Sooner rather than later, if he was reading his own body’s condition correctly.
The blue water swirled in with the green and white, creating a pleasing whirlpool. The aura above the basin twisted like a storm as the powers clashed, and Dross lurched closer to the void storage again. “Just...one...more...”
He was having trouble dragging his body through the air. He moved his stubby arms in front of his eye, and he could see straight through them.
That wasn’t ideal.
He drifted closer to the ground, and Little Blue hopped down from her perch. Her dress-like lower body twirled around his eye, and she looked down on him.
Dross tried to speak, but he was having enough trouble holding himself together without losing any of his real essence.
The Sylvan Riverseed dipped down, looking him straight in the eye, and her expression firmed. With the solid ringing of a bell, she walked over to one of the few remaining vials from the Mind Well.
With both hands, she pushed it out. It was almost half her body’s height, and surely twice her weight, but she tucked it under one arm and dashed for the basin.
Dross looked up at the stone device, which loomed over him like a tower. “Why...didn’t you...do that before?”
By the time he reached the top, Little Blue had already upended the purple water.
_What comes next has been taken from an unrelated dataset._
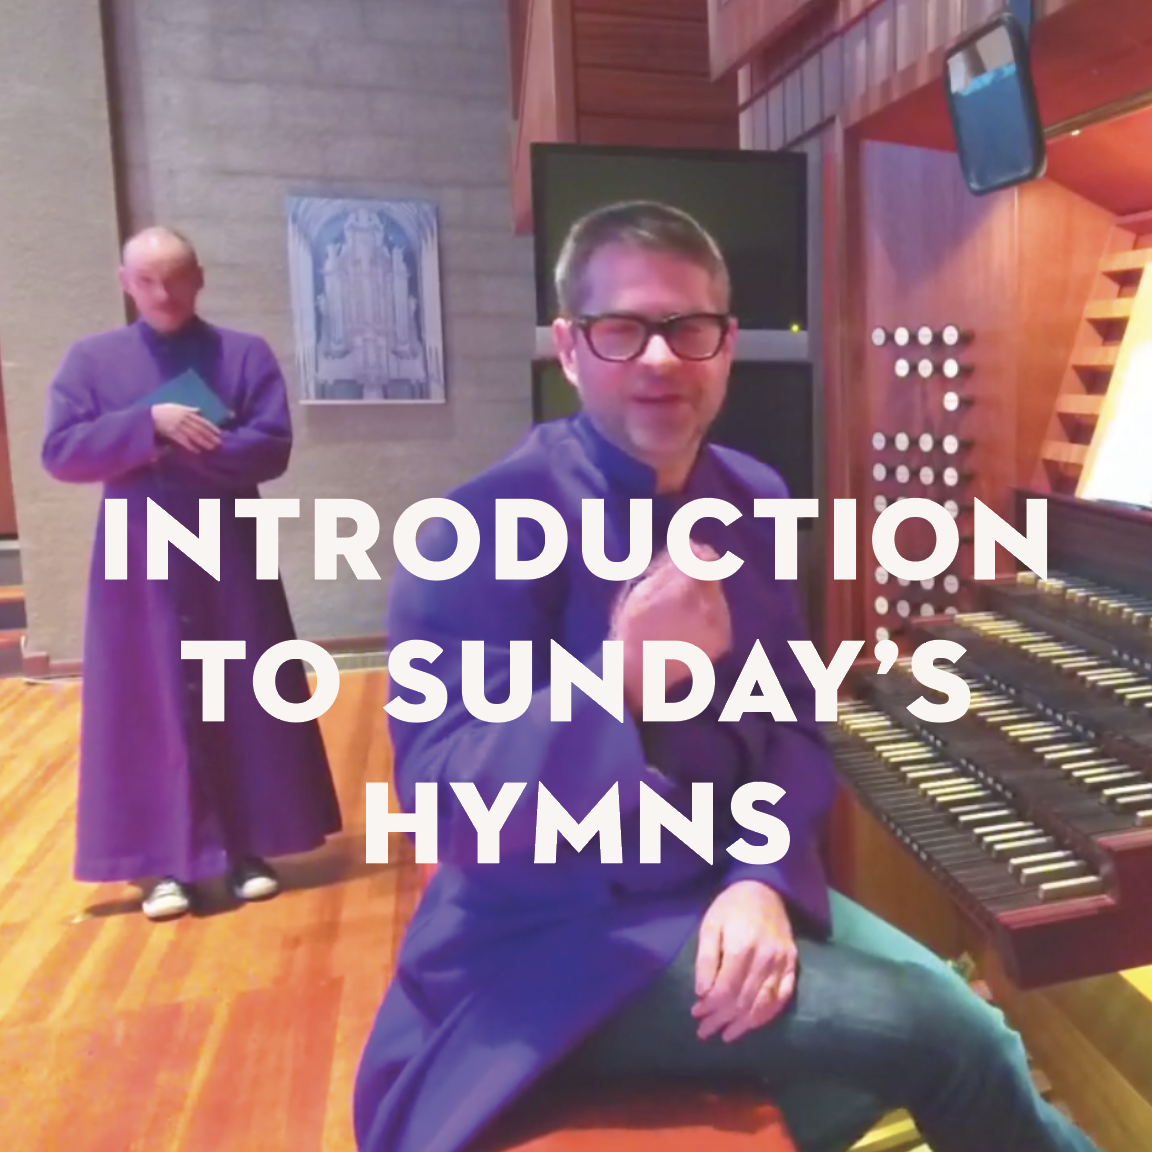 Introduction to Sunday’s Hymns: March 21, 2021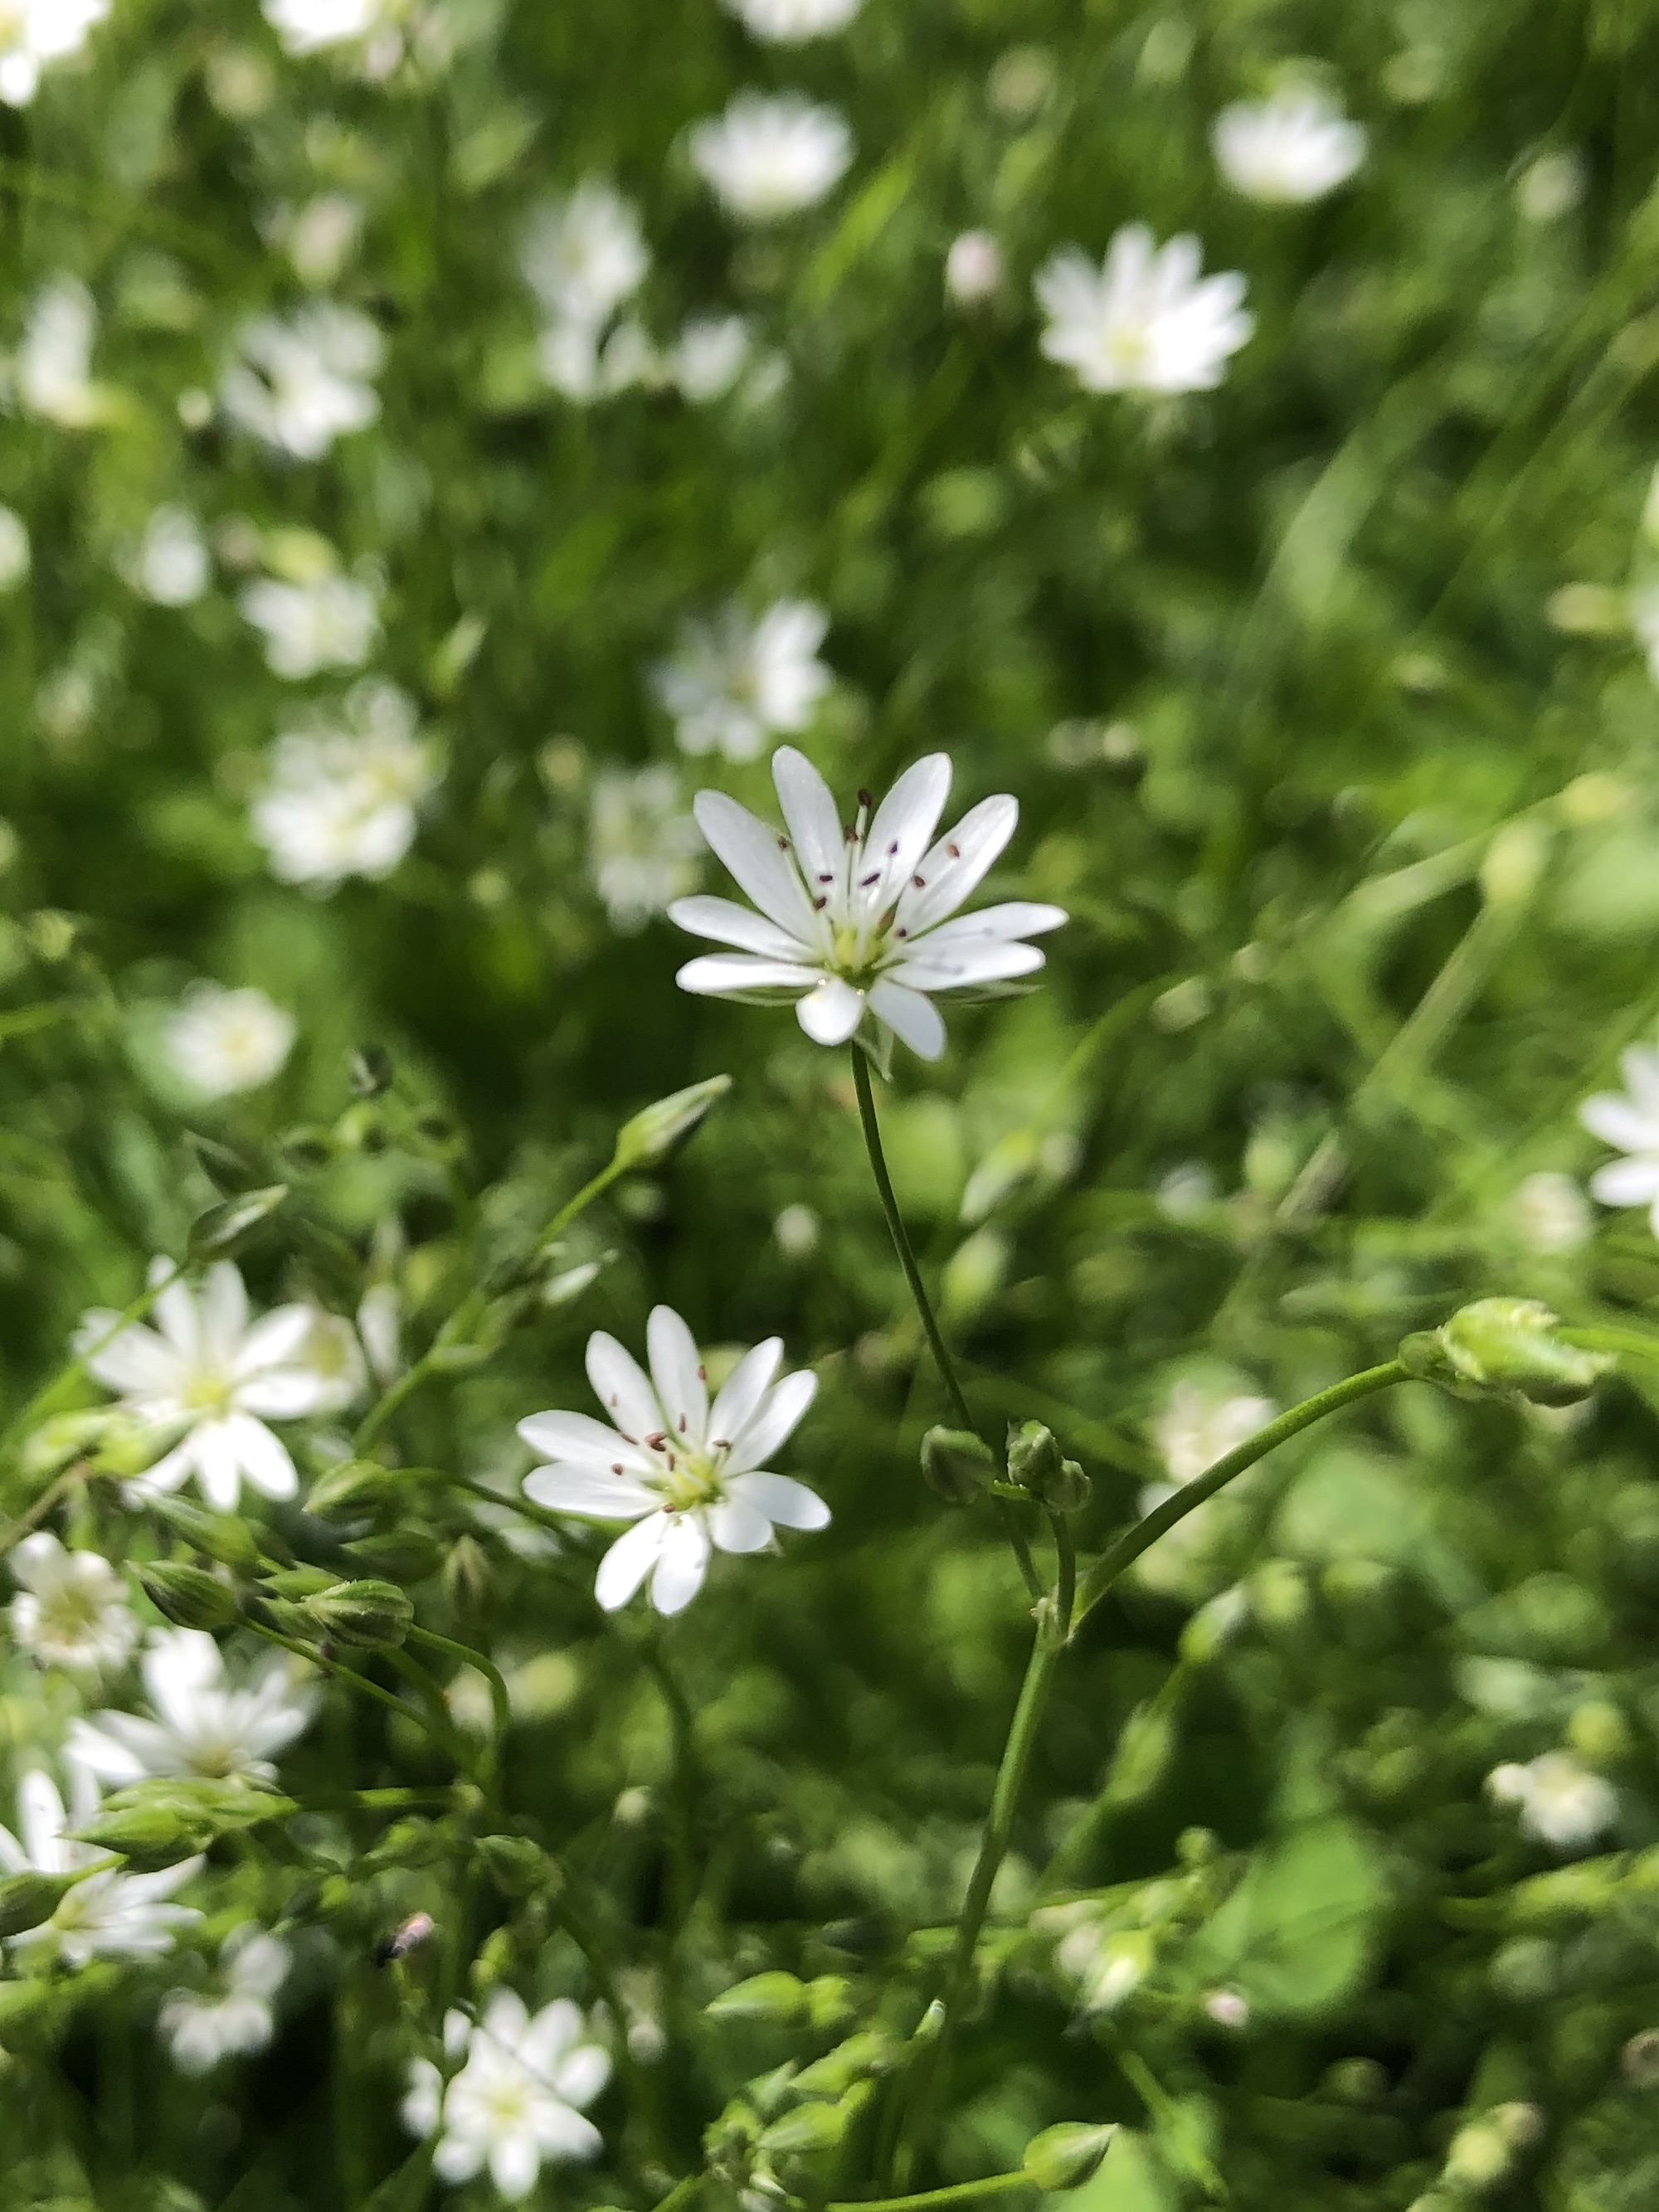 Common Stitchwort in a grassy clearing along the bike path between Odana Road and Midvale Boulevard in Madison, Wisconsin on June 3, 2022.

All four colors now whirled in the basin, the air around them crackling with power. She was as wary as he was; that power could tear them apart, or change them fundamentally.
Of course, that was almost the idea.
Dross stretched one of his arms beneath the basin, activating a hidden circle with a bare spark of madra. “Northstrider left some of his very own soulfire stored at the base. It’s the last ingredient.”
Pure silver fire, like a mirror stretched into the shape of flames, flared up from the center of the basin. It spread to the water like a natural fire spreading through a puddle of oil, but it consumed nothing.
Rather, the water grew brighter. And it started to blend.
The swirl of white at the center extended out, staining the rest of the liquid, as the silver fire grew smaller and smaller. Sparks of blue and green and purple essence drifted upwards; soulfire burned away impurities, refined the physical vessel, and empowered madra.